By (50), \(\theta _M\) depends continuously on \(b_j\)’s, \(j=1,\ldots ,M\), so, by (41), \(\widehat{f}_{(N,M)}\) does too. Hence we can write \(\widehat{f}_{(N,M)}=F(\beta _1,\ldots ,\beta _M)\), where F is a continuous function and \(\beta _j=1-b_j\) for all \(j\le M\). Notice also that, by (35), (36) and (48), \(G_{(N,M)}:=G_{(N;\beta _1,\ldots ,\beta _M)}\) is a function depending continuously on \(b_j\)’s (hence on \(\beta _j\)’s) too.

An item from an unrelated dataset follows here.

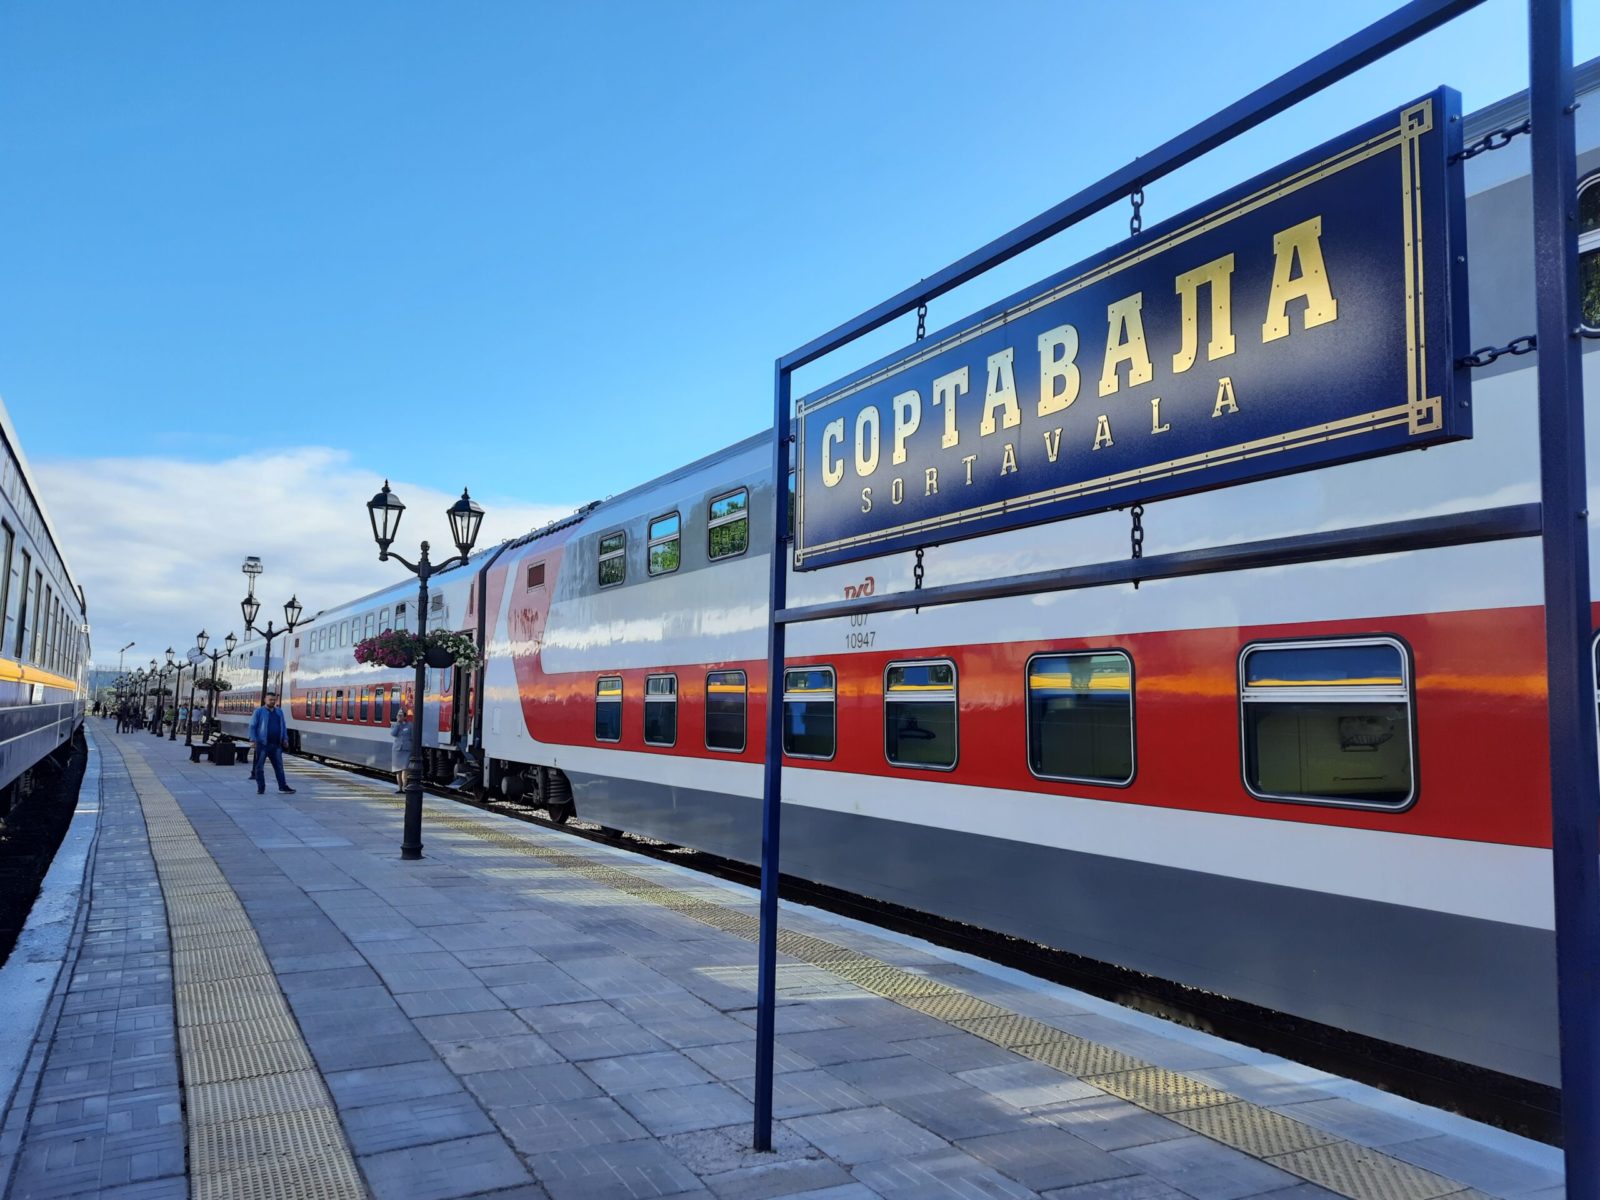 Поезда через сортавала. Сортавала Москва пое. Сортавала-Москва ЖД. Поезд Москва Владивосток. Все поезда с вагонами.

Now, taking \(\theta _M\rightarrow 0\) with \(b_{M-1}\) strictly positiveFootnote 4 [see (44) and (50)] we obtain \(b_j\rightarrow 0\) (hence \(\beta _j\rightarrow 1\)) for all \(j\le M\) and, by (60) and (41),

$$\begin{aligned} \lim _{\theta _M\rightarrow 0}G_{(N,M)}(\widehat{f}_{(N,M)})\le G(\widehat{f}) {\mathop {<}\limits ^{(\text {}31)}}0. \end{aligned}$$
(61)

By Remark 1, inequality (61) implies there is a system \((\beta _1,\ldots ,\beta _{M})\), with \(\beta _j=1-b_j\) for all \(j\le M\) and \(\beta _1>\cdots>\beta _{M-1}>\beta _M=0\) (whence \(\theta _M>0\)), such that, for the parameter \(\widehat{f}_{(N,M)}:=\widehat{f}+\theta _M\in (0,1)\), we have \(G_{(N,M)}(\widehat{f}_{(N,M)})=G_{(N;\beta _1,\ldots ,\beta _M)} (\widehat{f}_{(N,M)}) <0\). By (49), we also have \(E(X_{(N,M)})>0\). Now we apply Remark 2, which finishes the proof of subcase \(M\ge 2\).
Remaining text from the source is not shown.